Miller was elected by other incoming Republicans to represent them on the steering committee, which determines what committees members sit on. On January 31, 2023, Miller introduced a resolution to remove Minnesota representative Ilhan Omar from the Foreign Affairs Committee. The resolution passed two days later.

On November 30, 2023, Miller sent a letter to his congressional colleagues supporting the expulsion of George Santos, alleging that Santos defrauded him and his mother by making charges to their personal credit cards without approval "for [campaign] contribution amounts that exceeded FEC limits." Miller said that this situation had cost him "tens of thousands of dollars" in legal fees. Miller brought these accusations directly to Santos in House session, calling him a "crook"; in response Santos accused Miller of hypocrisy and domestic violence. Santos was expelled from Congress in December 2023 and would plead guilty in August 2024 to 23 felonies related to wire fraud, campaign fraud, and identity theft.

After the October 7, 2023, attack by Hamas in southern Israel, Miller criticized Rashida Tlaib for displaying a Palestinian flag outside her office, saying: "I don't even want to call it the Palestinian flag because they're not a state, they're a territory, that's about to probably get eviscerated and go away here shortly, as we're going to turn that into a parking lot." Miller further stated there should be no "rules of engagement" in the Israeli war in Gaza.

In January 2024, Miller was appointed to the Commission on Reform and Modernization of the Department of State. In May 2024, Miller co-sponsored H.R. 8445. The bill would extend core U.S. servicemember protections (such as guaranteed job reinstatement, anti-discrimination rights, and financial and legal relief like capped interest rates, foreclosure protections, and paused court proceedings) for Americans serving in the Israeli Defense Forces. The change would extend these protections to foreign military service, treating it the same as service in the U.S. armed forces and departing from the current rule that limits their application to those who have served in the U.S. military.
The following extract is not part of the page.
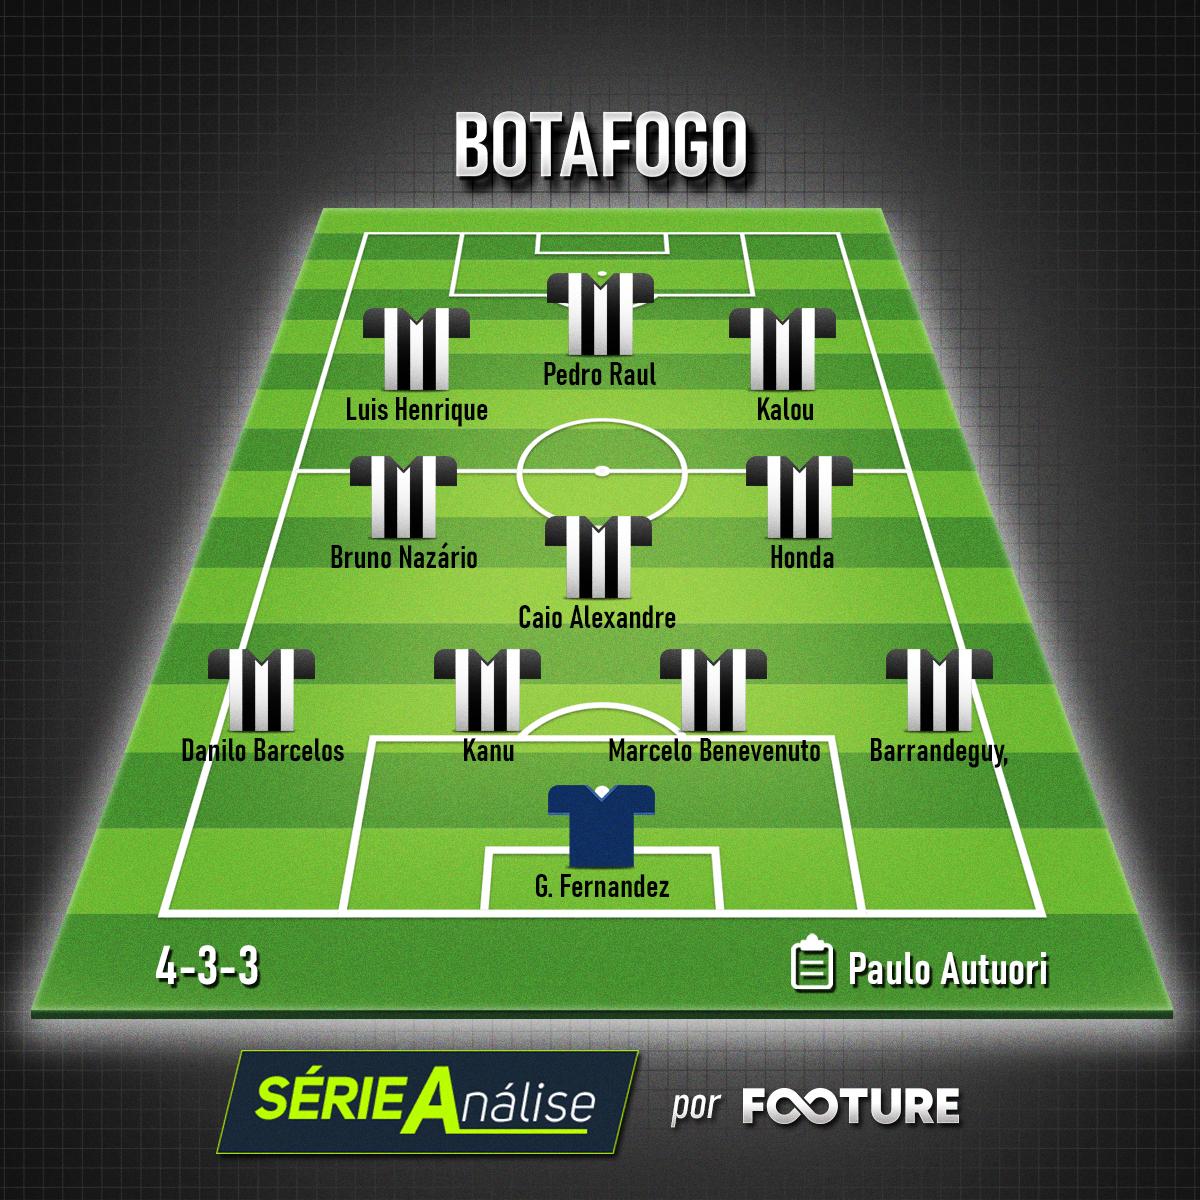 O time base do Botafogo para o Brasileirão 2020

===Committee assignments===
For the 119th Congress:
- Committee on Foreign Affairs
  - Subcommittee on Africa
  - Subcommittee on Oversight and Intelligence
- Committee on Ways and Means
  - Subcommittee on Oversight
  - Subcommittee on Work and Welfare

=== Caucus memberships ===
- Republican Main Street Caucus
- Republican Study Committee
- Congressional Western Caucus

=== Commission appointments ===
- Commission on Reform and Modernization of the Department of State

== Personal life and controversies ==
=== Relationships ===
In 2019 and 2020, Miller dated Stephanie Grisham, who served as White House press secretary and White House communications director during the period.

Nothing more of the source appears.